24 October 2017, Kuala Lumpur – The Goods and Services Tax (GST), despite criticisms on its implementation two years ago, has undeniably helped boost Malaysia’s economy.
Director at Hernancres Tax Consultancy Sdn Bhd, Desmond Anil, said the tax system, which came into force on April 1, 2015, has enhanced the nation’s growth.
The tax expert said the taxes had been spent to stimulate the Entry Point Projects which were part of the 12 National Key Economic Areas (NKEAs) that would contribute towards the Malaysian Economic Growth measurable by the National Gross Income indicator.
The NKEAs, as the core Economic Transformation Programme, comprised selected sectors of economic opportunities for the private sector which would drive Malaysia towards high-income status and global competitiveness, he said.
“As an example, it had contributed in building infrastructure such as the Mass Rapid Transit, revitalised the oil and gas sector, encouraged the growth of digital economy as well as the halal industry,” he told Bernama.

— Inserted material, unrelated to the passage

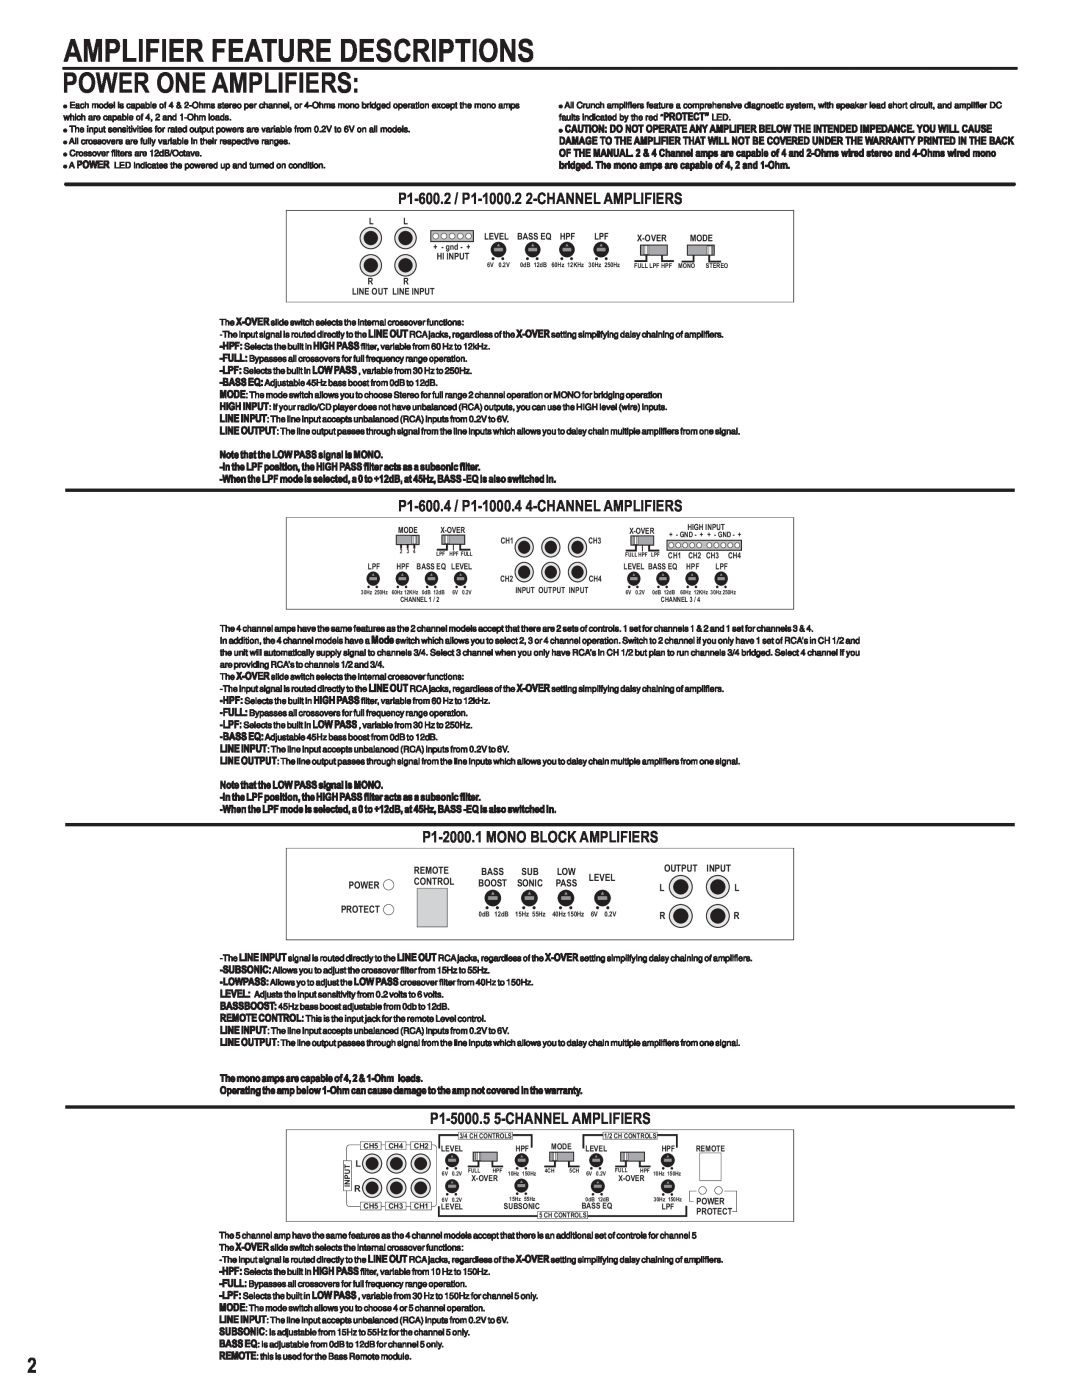 Maxxsonics P1-1000.4, P1-5000.5, P1-600.4, P1-1000.2, P1-600.2, P1-2000.1 Amplifier Feature Descriptions, Power One Amplifiers

He said as of the second quarter of this year, the nation’s gross domestic product rose by 5.8 per cent from a year earlier, after climbing 5.6 per cent in the first quarter.
Not only had it spurred the economic growth, indirectly, the tax system had provided structure into business compared to the previous taxation system, he said.

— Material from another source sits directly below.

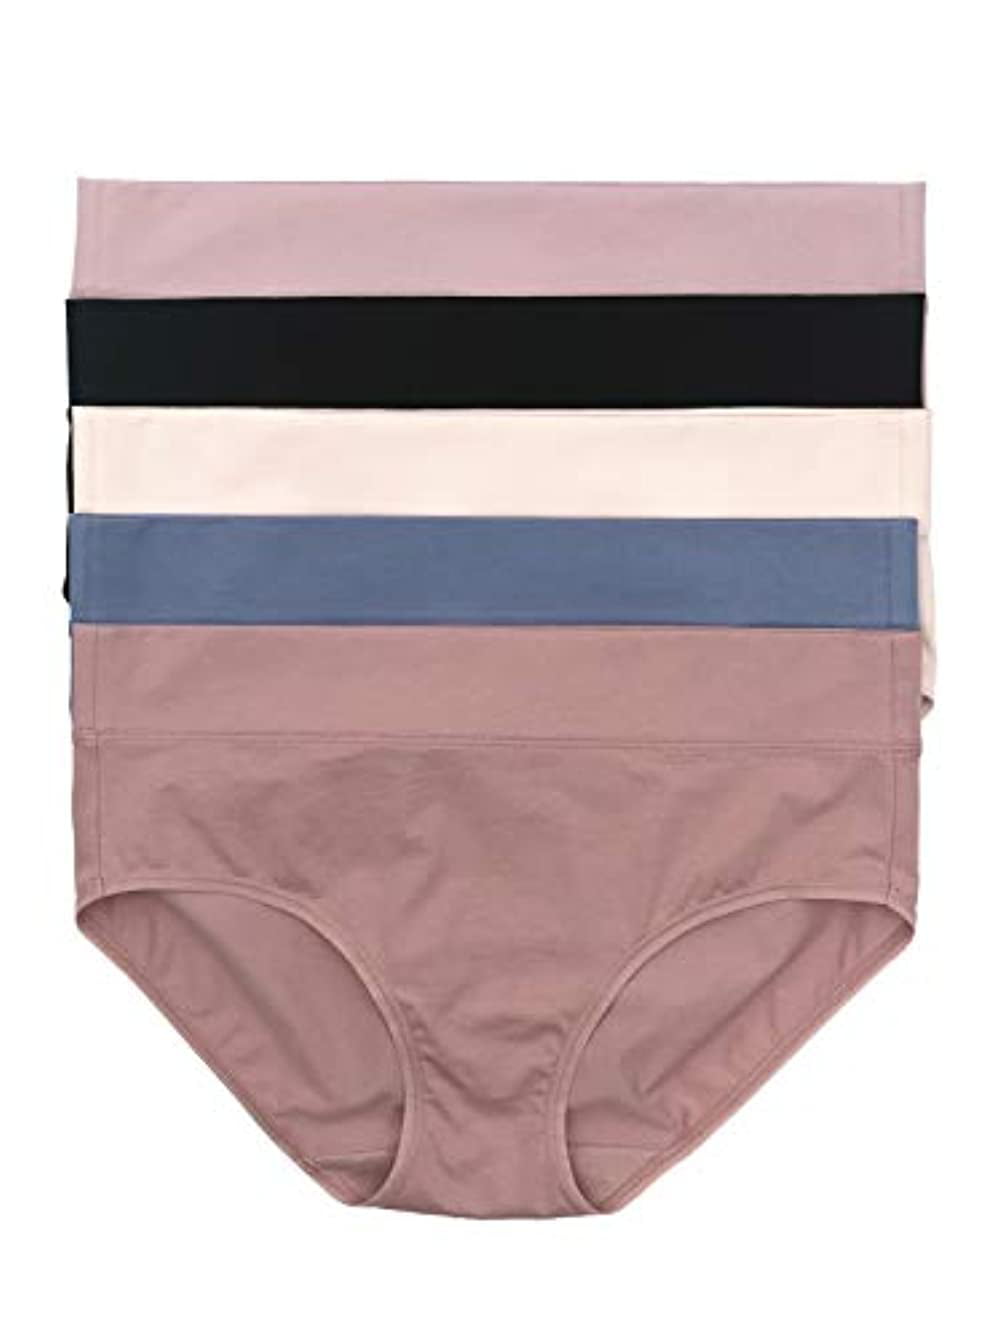 Felina Ladies Cotton Brief Underwear Panties 7 or 8 Pack S M L XL

“Before GST, there was the Sales and Services Tax (SST). It did not provide a taxation structure. But when SST was abolished and GST was implemented, check and balance occurred which led to the creation of a business trail,” he said.
Besides that the tax system had managed to prevent leakages as there would be a documentation trail compared to SST as the businesses would now be more vigilant and have further business plans, he said.
“The tax had managed to filter goods and bad businesses and made entrepreneurs think thoroughly before venturing into new businesses,” he said.
Desmond, saying that there were ups and downs in the implementation of GST, also said that the taxation system in the country was still considered new and it would take five to six years for it to reach maturity and stability.
He said even though Malaysia’s GST rate was among the lowest in the ASEAN, it was best to retain the rate as any changes could distort business operations.
“If the tax system is not being implemented properly, it will hamper businesses from taking place,” he said.
Meanwhile, Prime Minister Datuk Seri Najib said the GST should not be considered an additional new tax but part of a comprehensive tax reform that was designed to make Malaysia more competitive, control the black and illegal economy, reduce tax evasion and broaden the overall tax base.
Najib, who is also Finance Minister, said since Malaysia implemented GST in 2015, many other countries such as India and Egypt had followed suit.
All the Gulf Cooperation countries, including Bahrain, Kuwait, Oman, Qatar, Saudi Arabia, and the United Arab Emirates, would implement their GST on Jan 1 next year, he said.
“And our economic plan has led to Malaysia’s GST rate only needing to be six per cent – far lower than other countries who don’t share our strong economic fundamentals,” said Najib in his blog post titled ‘My Economic Vision For Malaysia’, today.